I have dived with great white sharks off South Africa and Tasmania and with bulls and tigers and hammerheads all around the world. One thing I have noticed is that the really big sharks always appear in the same surprising way.

This large female tiger was no different. At first, on some primary level of perception, I was aware of motion in the distance where there had been no movement before. Then I noticed two unexpected black vacancies in the green murk, strange voids not instantly identified by my brain. The voids were horizontal, consistently spaced, swinging slowly back and forth, growing larger, vectoring.

Strange. What trick of light was this?

Then the black holes were skewered by a conical nose, beneath which was a grinning apparition. It was a fixed, fanatical grin, as meaningless as the grill of a car, yet it lent an impression of all that is mindless and unsympathetic and inevitable. A million years of energy were distilled right there in front of me: wind, water, light, current.

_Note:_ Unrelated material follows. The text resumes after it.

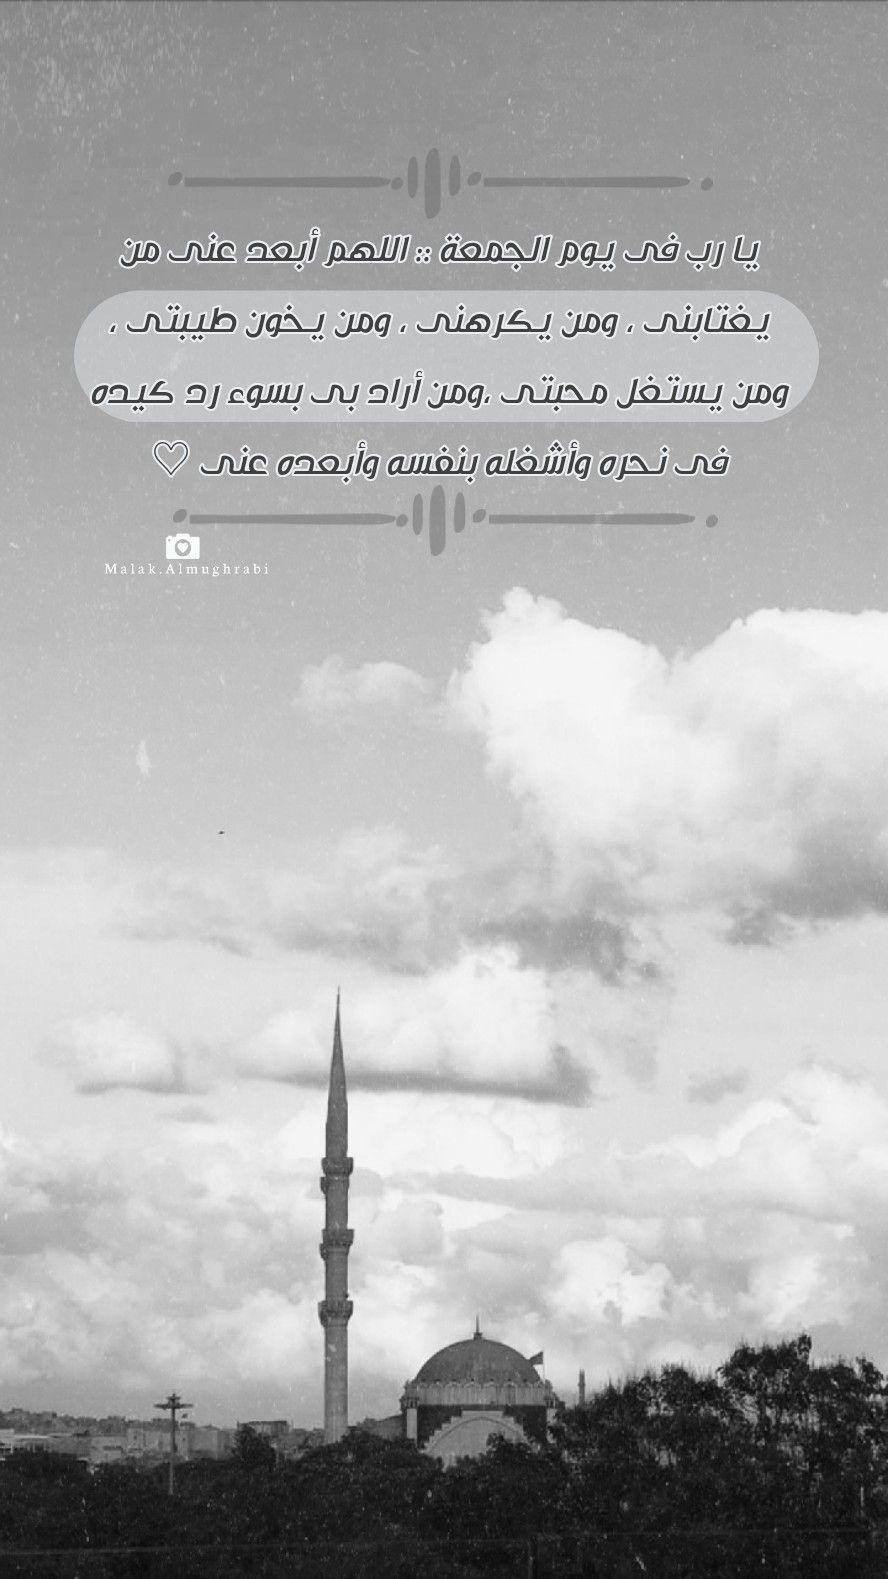 قرب لي كل خير وابعد عني كل شر يارب Quran Quotes Love Islamic Images Beautiful Islamic Quotes

The huge tiger glided toward us, then banked slightly, black eyes passing us without interest or expression. The impression given by her indifference was probably accurate: The animal knew all there was to know about us, and there was nothing to be known. We were meaningless; we were irrelevant because we were not prey. We were a gathering of protoplasm, healthy seals or fish or manatee. Perhaps something would occur to change that. We might be wounded, show distress, or the shark’s own precise feeding instincts would reclassify us because of hunger.

It was an indifferent process. A biologist from Sanibel? An unreformed hipster who lived on a sailboat, who believed in God, who crossed his 7s, read his horoscope, and was a devotee of reincarnation?

Such things did not exist. Water, light, tide: all else was delusion. We were wind in the void. We were matter without purpose. It made no difference who we were, what we had accomplished, who we loved. Our fast hearts had a silly, finite number of beats remaining. There was always other prey.